Да человека, о котором заказана книга, иначе как по имени-отчеству назвать нельзя. Ленин — по-горьковски прост, как правда, — Ильич, Сталин — товарищ Сталин, Брежнев — товарищ Брежнев Леонид Ильич, Ельцин… Ельцин, Медведев — мелькнул, Путин — Владимир Путин. А Василий Васильевич рассчитался со всем взбесившимся временем — опрокинул образы конца света на круговую жизнь. И мне теперь в ней кружить, хотя вряд ли прильну к чему.

Каждый человек заслуживает только жалости.

Но Сенатор есть сенатор.

— Еще про тебя рассказать?

— Не надо. — Я понял, что он знает про меня даже то, что я забыл.

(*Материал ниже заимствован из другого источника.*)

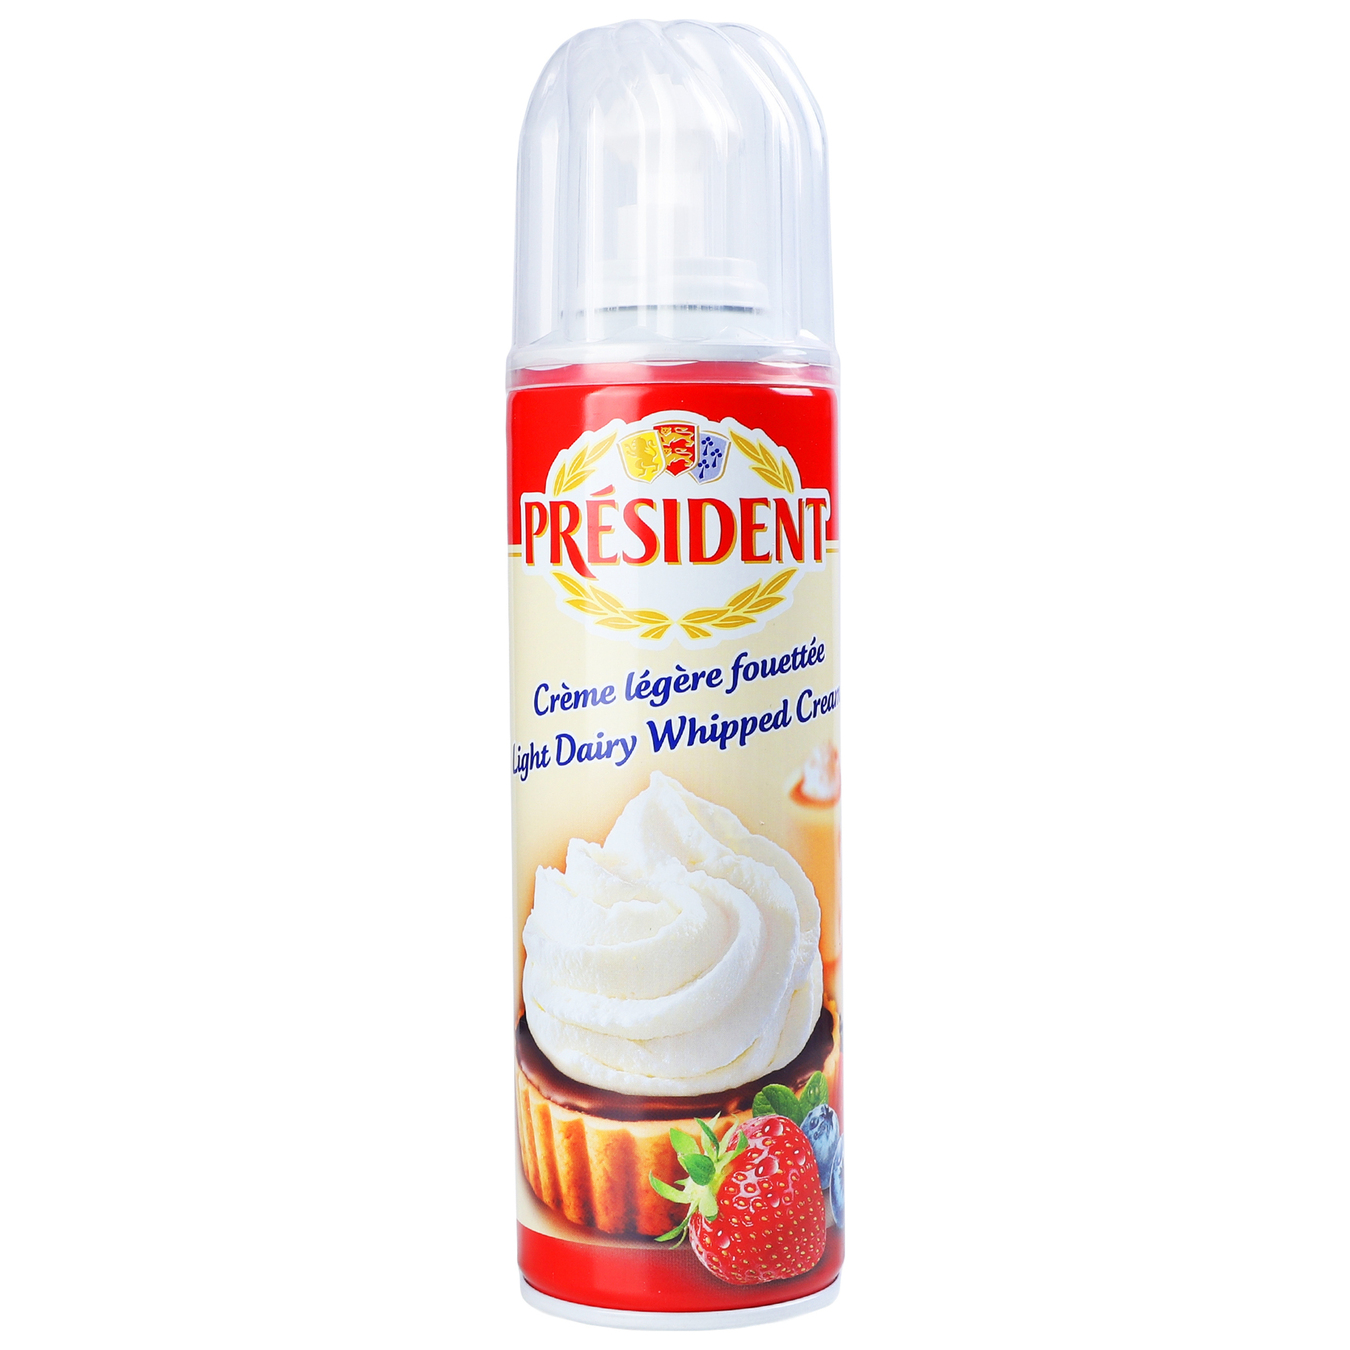 President Whipped dairy cream portioned 20% 250g

— Тогда про себя. В школу идем по темноте, иней на спорыше. Дорога замерзла… Батя мой лучший наездник на Первомай, жеребец под ним зверь, женщины глаз не сводят! И я с ним герой. С соседом идем, на год старше. Мать у него кладовщица, заходим, она вдоль всей паляницы ломоть отрезает! Маслом намажет, а сверху медом. Идем, он ест!

— Тебе давал?

— Ни разу.

И я в уединенном трезвении.

По Киевскому шоссе, дороге из Петербурга в Киев, совсем не такой знаменитой, как путешествие из Петербурга в Москву, невозможному в анекдоте советского времени — лошадей в Калинине съедят. Давно не проносятся ямщицкие тройки, в бывшую столицу не правятся запорожцы-козаки на поклон к Царице, теперь только стремительно машины и могучие грузовики — кормить северную столицу. Дома вдоль дороги окнами мигают в ответ фонарям ночью, днем строго прижаты к месту. Но чуть в стороне от дороги Храм с голубой крышей, напротив деревянный дворянский дом через речку Грязну — стоят друг против друга. И если встать во дворе Храма, дорога хотя и совсем рядом, словно бы утрачивает силу, новейшая наука о скорости — дромология — становится беспредметной. И совсем другие силы неотвратимо и в лад со строениями, чуть в стороне сохранившийся каменный лéдник, замедляя сегодняшний гон, выгоняют из потаенных углов свои времена. Именно гонят, иначе не вышли бы на свет божий своей почти совсем утраченной живой силой — тут провезли Пушкина в последний раз, сумрачно по утрам в монастыре монах зажигает свечи, даже монастырские колокола еще не проснулись. Справа от дороги на Киев часовенка в честь Козьмы и Дамиана, рядом ворота почтовой станции, где смотрителем служил Самсон Вырин. Во дворе колодец без воды, каменные корыта в зеленых следах последнего ливня, нетронутые зубами лошадей коновязи, каретный сарай — по стенам хомуты, дуги, колокольцы. Рубленые из могучих новогородских сосен постройки. И внутри дома кисейная кровать Дунечки, что согласилась на просьбу проезжего литератора дать себя поцеловать, — ни один из поцелуев, а всякий литератор любвеобилен, не оставил в его памяти такой первородной сладости. Дуню смотрителеву пленил и увез с собой проезжий гусар. Жизнь-печаль для смотрителя, жизнь Дуни благополучно устроилась — родила от гусара трех деток, в карете приезжала на могилку смотрителя, внуков смотритель никогда не видел. А от путешествующего свидетеля-литератора только памятный поцелуй в сенях да повесть, без нее ни нынешней кисеи над девичьей постелью, ни прогнавшего в шею старика-смотрителя благородного гусара со словами, что несчастный смотритель хочет его зарезать.

Ничего.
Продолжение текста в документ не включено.